Wednesday, February 2, 2011


wth, cny sux! it's only a break for me to catch up on my work...
seriously, wat is wrong with #$*&@ GAH!

this is disheartening lah. wth. kena scolded for studying till not so late but yea..on new year eve. who on earth is in the right mind to do work on new year eve? practically noone. why do i have to be so hardworking to get scolded??
"我又沒有千里眼,怎么知道你在讀書還是做什么?" whr's the trust?? ok fine, it nvr exsit b4. perhaps since last yr it disappeared. so what if i'm in JC now? got diff ah?? In JC, besides girls, there's also guys. so?? the world also got both wat? my family also got both wat? and, why can't opp gender be really good frens too?? whr's the diff?? all are humans? it's gender discrimination lah!
ok, so the pt is, wth?!?! i today damn tired liao still go study leh? 沒有夸獎就算了,還要被罵...sianzz lah! sighh....it's new year eve today leh....

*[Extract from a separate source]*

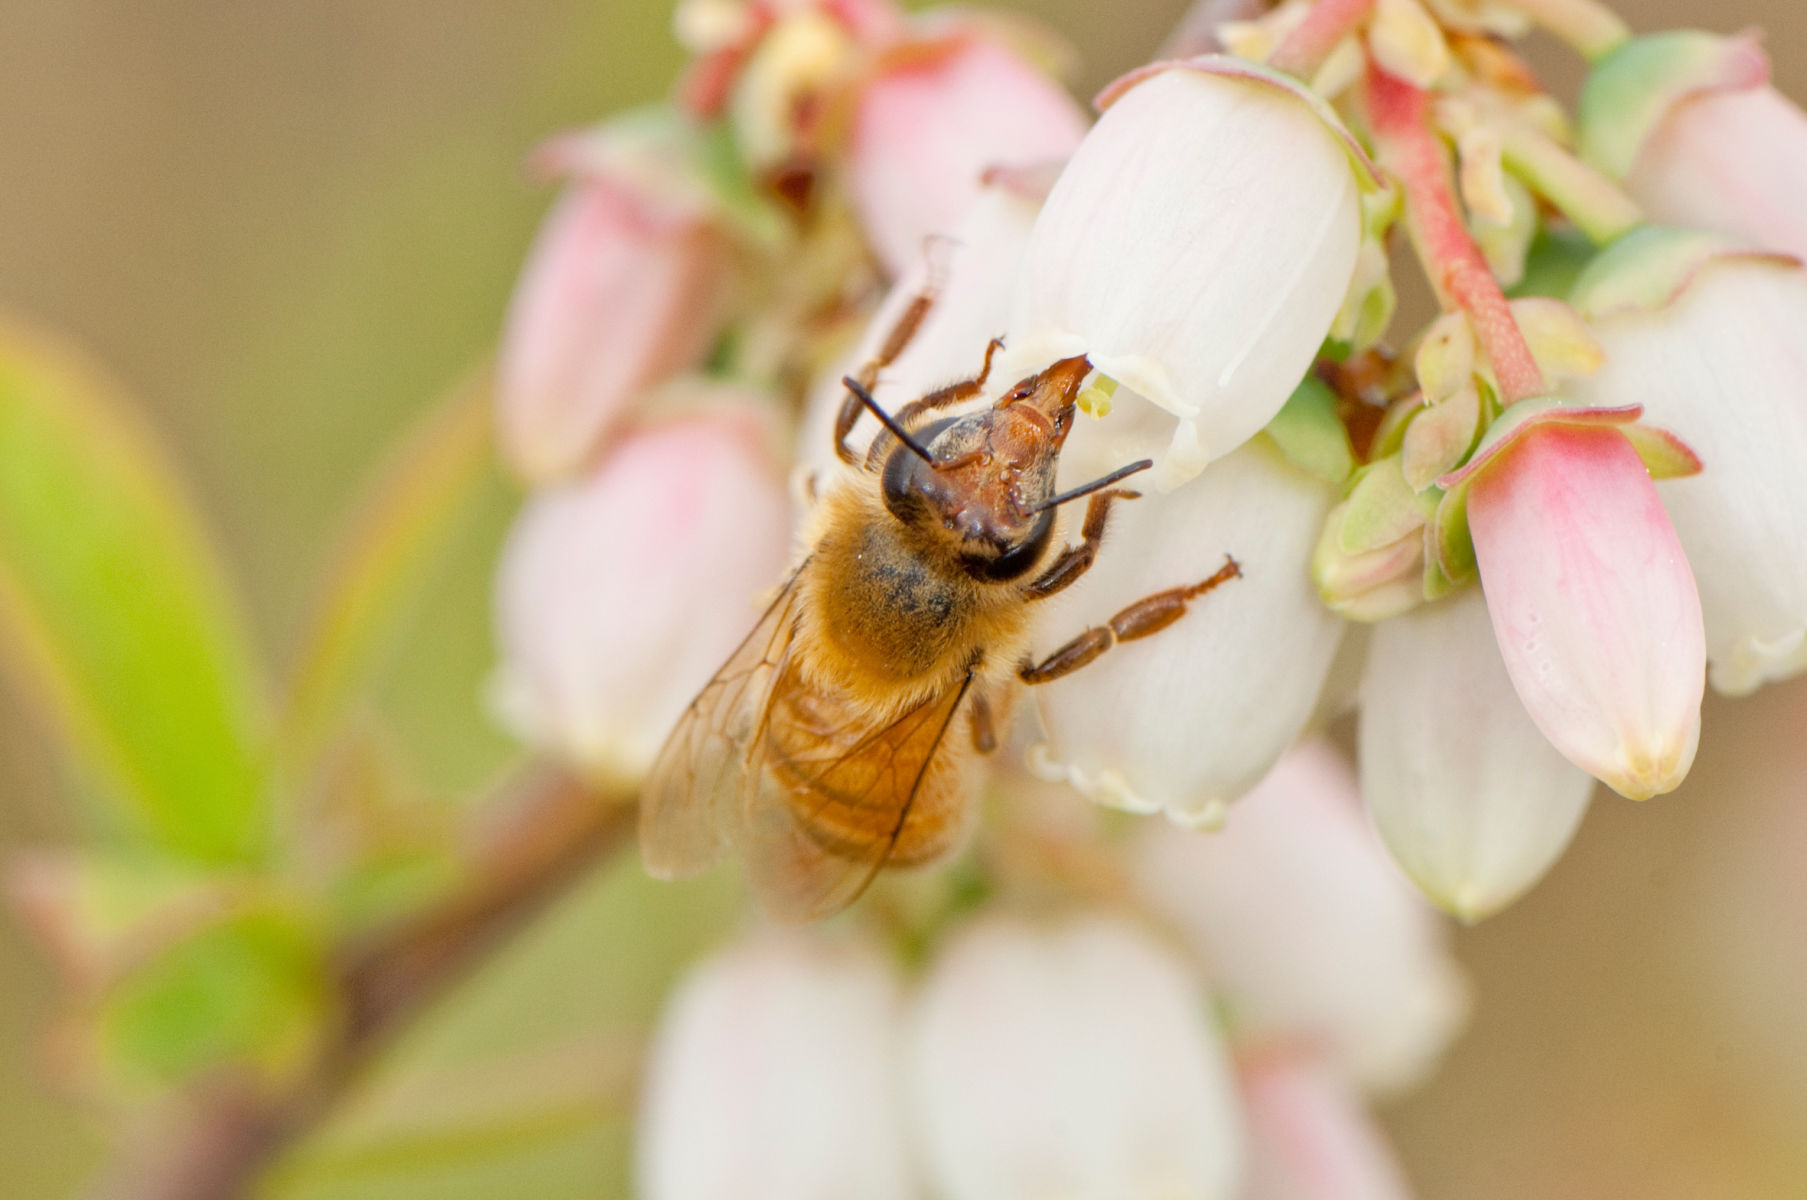 Protective covers reduce honey bee foraging and colony strength

ok watever, change mood. today's cny celebration in sch quite fun lol. doing manicure and selling hotdogs. and lou hae!!! :] though dint eat much cos a lot fly here fly there fly dunno whr liao. ok, they flew to the floor and table lah obvious. but yea, doing stuff tgt as a class is fun :] earn a lot :] as the class treasurer, i'm super proud of our performance to earn more class fund! :p
kk HAPPY CHINESE NEW YEAR everyone :] get lots of ang baos!!!